Thursday, December 22, 2011

walking

i walked away from biology class in 2004 with my head hung low, tears sneaking out of the corner of my eyes despite my best attempt to stop them. i walked away, grieving and disconnected, addicted and desperate- and i never thought i would look back...

this past Septermber of 2011, i got out of my car, slung my backpack over my shoulder, and walked with trepidation and uncertainty to my first class in 7 years. its on the same campus, the same parking lot, the same library but so much has happened between walking away and making my way back...

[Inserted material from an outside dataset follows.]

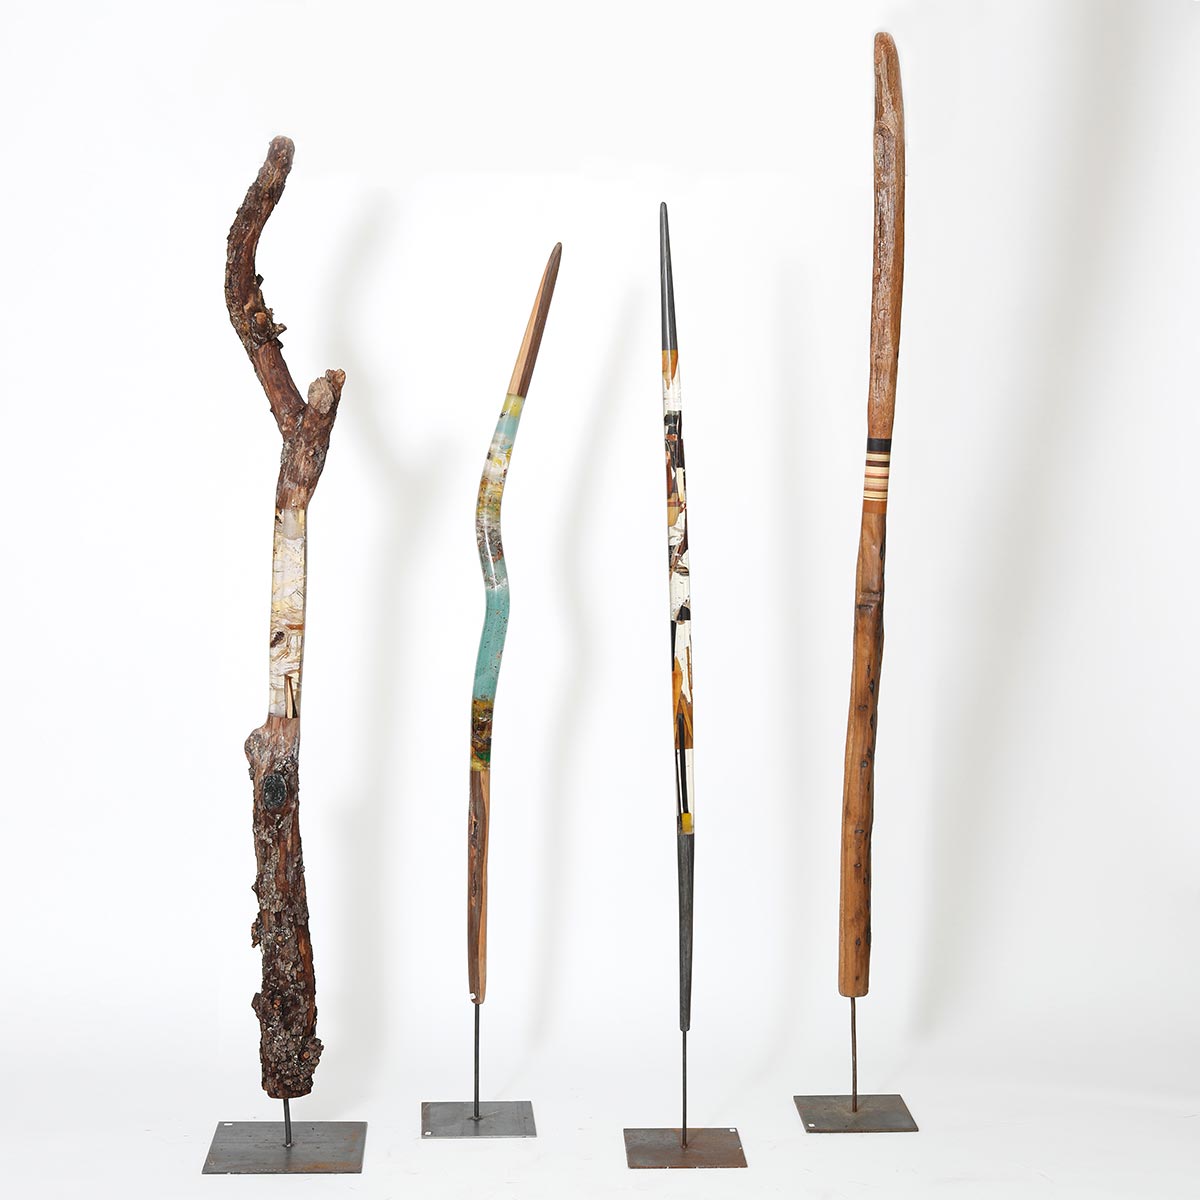 Galerie Insighter Paris by Vanessa Metayer presents Vincent Lajarige sculptures

incapable of processing assignments and exams, i sat with my notebook in front of me, but nothing to write. all i could think about and all i could see were caskets being lowered into the ground, family crying and family screaming, and my own reckless drug use. on more than one occasion, i ransacked my own closet for textbooks from previous semesters. attending class was a bargain i made with myself: "make it to class, and afterwards you can sell your books at the off-campus book shop." from class, to the book store, to the crack house.

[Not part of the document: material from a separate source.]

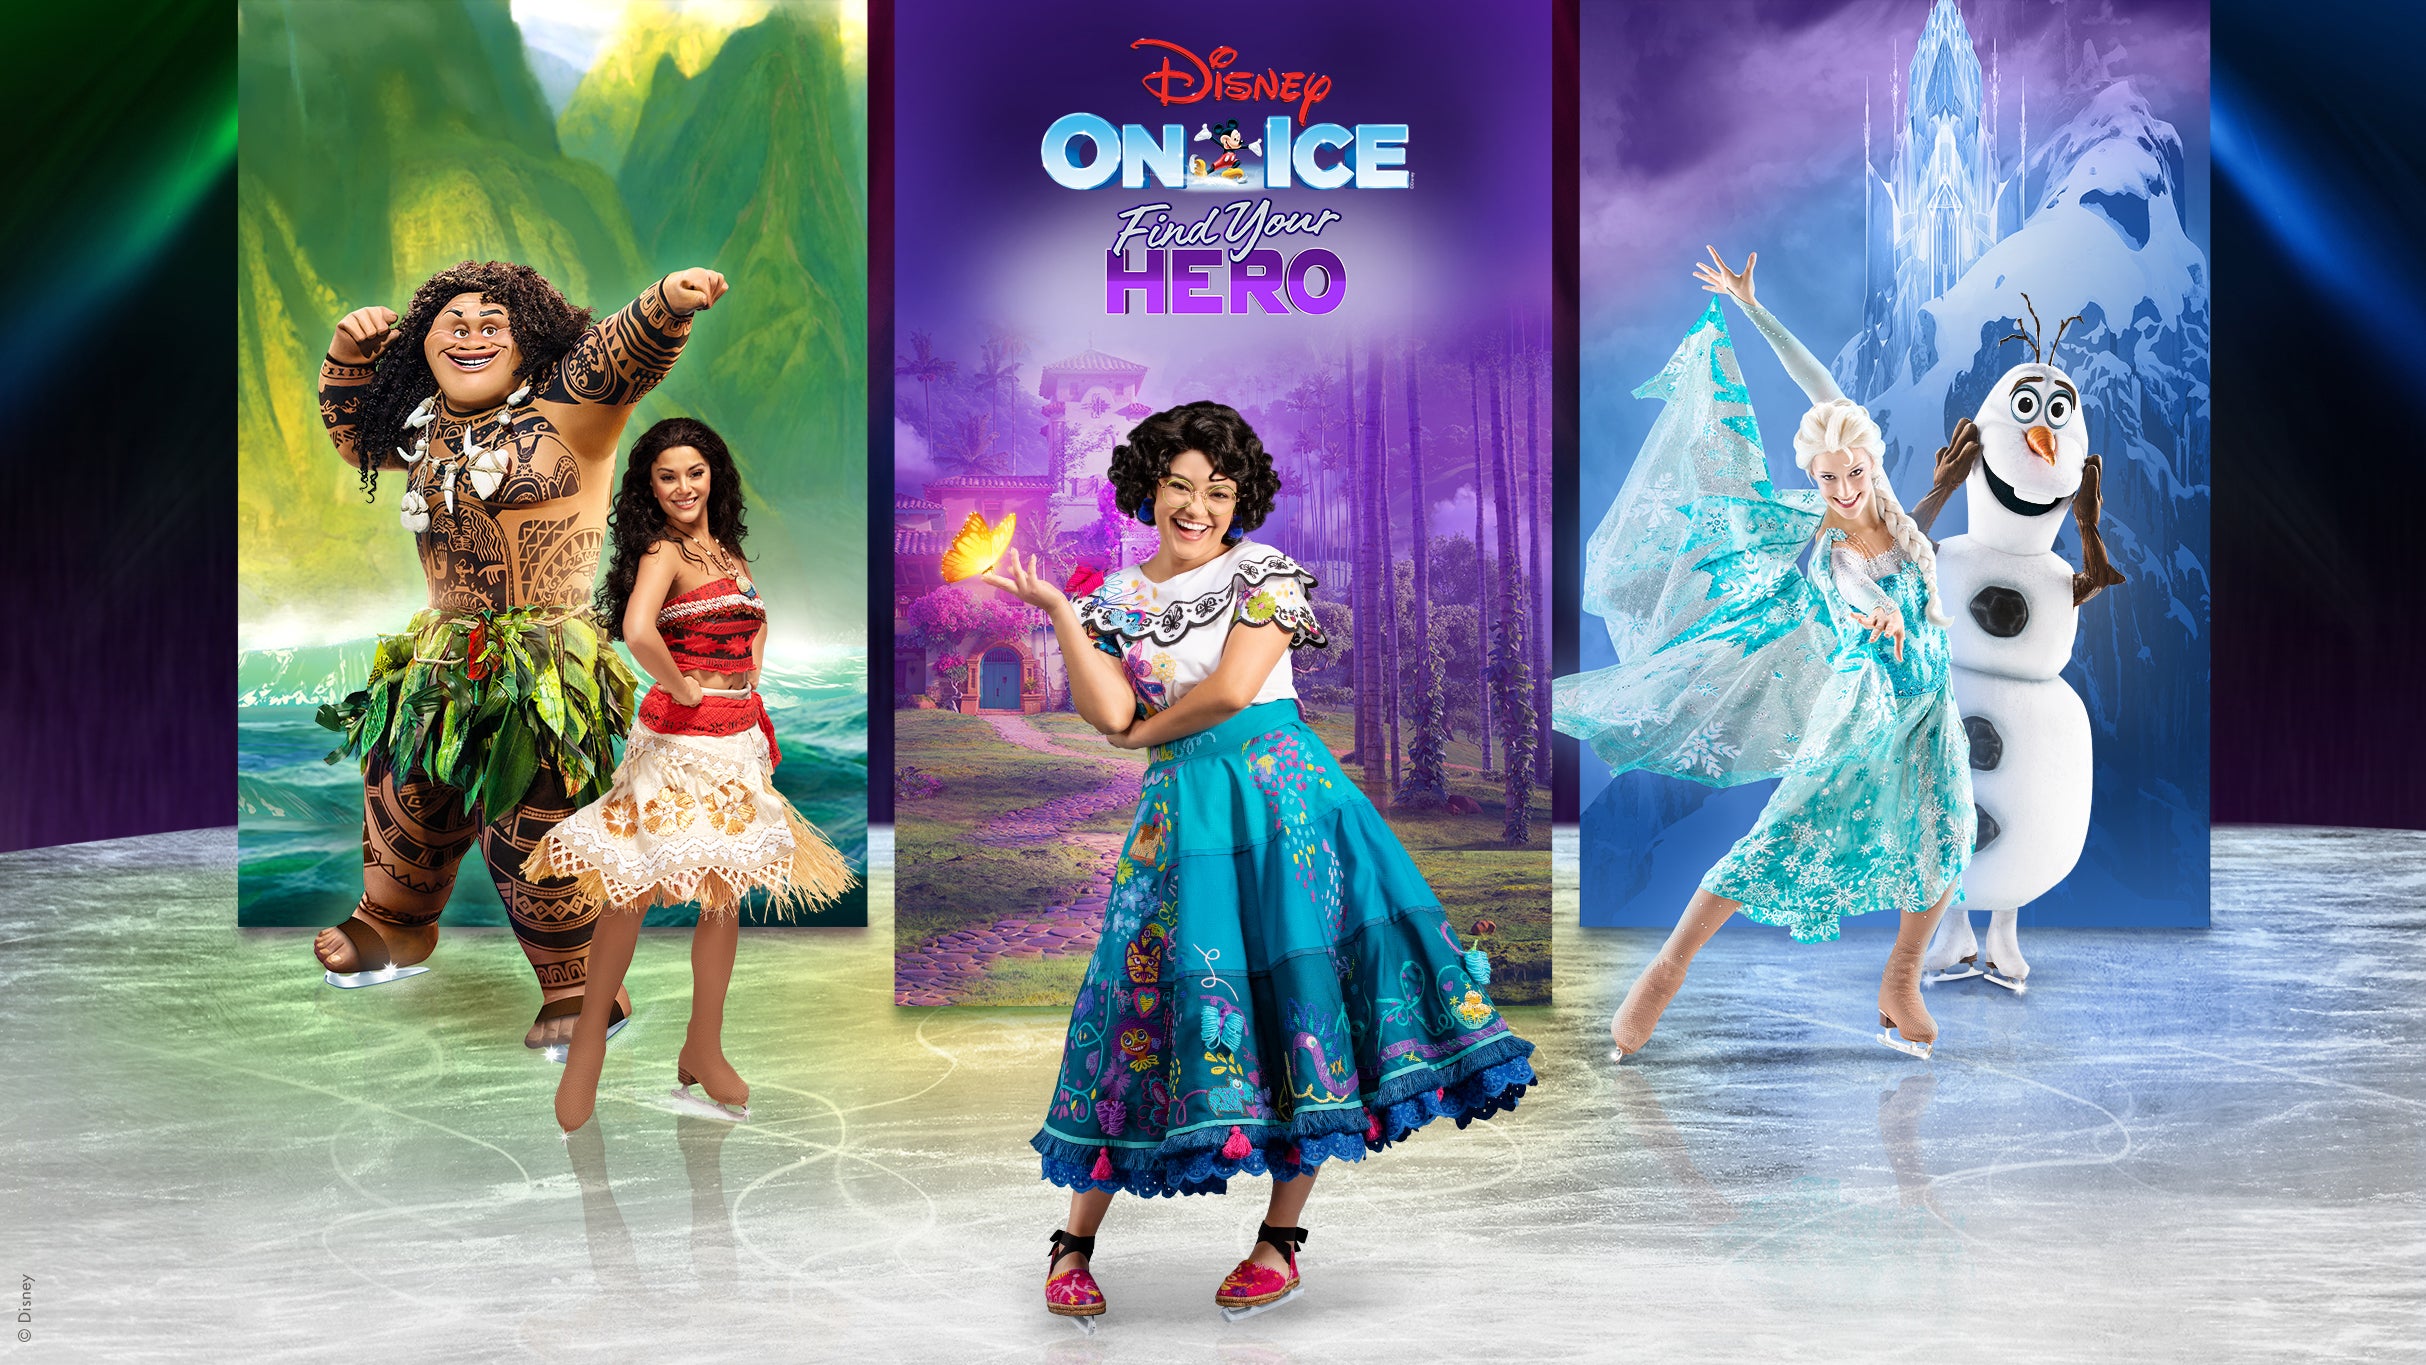 Disney On Ice presents Find Your Hero free presale code

i quickly ran out of textbooks and motivation, and dropped my classes simply by discontinuing my attendance. i drowned for almost 2 years in a white-out storm of drugs, lies, and a progressive violation of my morals and values. the "nevers" and "what ifs?" started coming true as my world collapsed around me.

...as i stepped down from the large passenger van that had picked me up from the airport in South Florida, a dozen heads turned my way. males and females, young and old stood around tall ashtrays with cigarettes between their fingers or hanging from their lips. there were folders and notebooks scattered on the picnic table tops.

as the driver retrieved my large bags from the back of the van, a middle aged man with a pen behind one of his ears approached, hand outstretched. i took his hand, which he shook vigorously.

"nice handshake" he said. "you know what they say about a nice, strong handshake, right? it means you are confident and a leader!"

i probably would have laughed if i had the energy. i couldnt think of two things i felt less like than "confident" or "a leader". i was lost, alone, uncertain, and afraid. i didnt know where i was, both literally and in my life.

cleaning my life up and trying to find some semblance of drive and desire took far longer than the 3 months i spent in inpatient drug treatment. off of drugs, i felt true shame and guilt for the first time. the pain i caused my family and the roadblocks i put up in the way of my own happiness weighed on my consciousness for the first time.

i was drug free, but i was miserable. i was clinically and dangerously depressed, engaging in self injurious behavior in the face of critical anxiety and pain. i was drug free, but i was still so incredibly sick...

finding a brighter reality seemed like an impossibility. the thought of finding love and work and true friendship was laughable for so long. i still shook my head at the time i had wasted in college, and i wanted nothing more than to prove that i could make educational success part of my life again. i had to find a life to fit it all in, of course.

somehow, the doors parted open for me, and i began to see light and hope. i began to smile and laugh and welcome love into my life. i started to give love in return. i started to believe, after all these years, that there was success waiting for me in the world. what i had learned is that no one was going to make my dreams come true for me. no one will work for me if i wont at least work for myself.

inspired, i took small steps forward, entering the college campus for the first time since the day i walked away in 2004. i took note of the information that i needed to help me get my life back. i weighed my options and looked for advice in an academic market that is different than it was just 7 years ago. i was different too, of course, so the changes were rather fitting. i applied for financial aid, writing a letter explaining why i disappeared almost two Bachelors degrees ago. i chose a new major and concentration and carefully studied the course guide as i highlighted the classes that i needed and wanted most. i was officially a student again...

on December 21st, 2011 i walked with my laptop bag over my shoulder toward my car, from the library. i had just taken my last final exam of the semester and i walked away confident in the work i had put in this past semester. i anticipate being named to the Dean's List, an achievement i have not felt the pride of for nearly a decade. i walk away with a smile on my lips, feeling like i had beaten the odds and been given a second chance, not just at life but at living.

i have a short break over the holidays before i return to school for spring semester. i dont feel the fear or the apprehension of making that walk to my class on campus anymore. i feel like i am living proof of what is possible in life if you just take control of making your own dreams come true.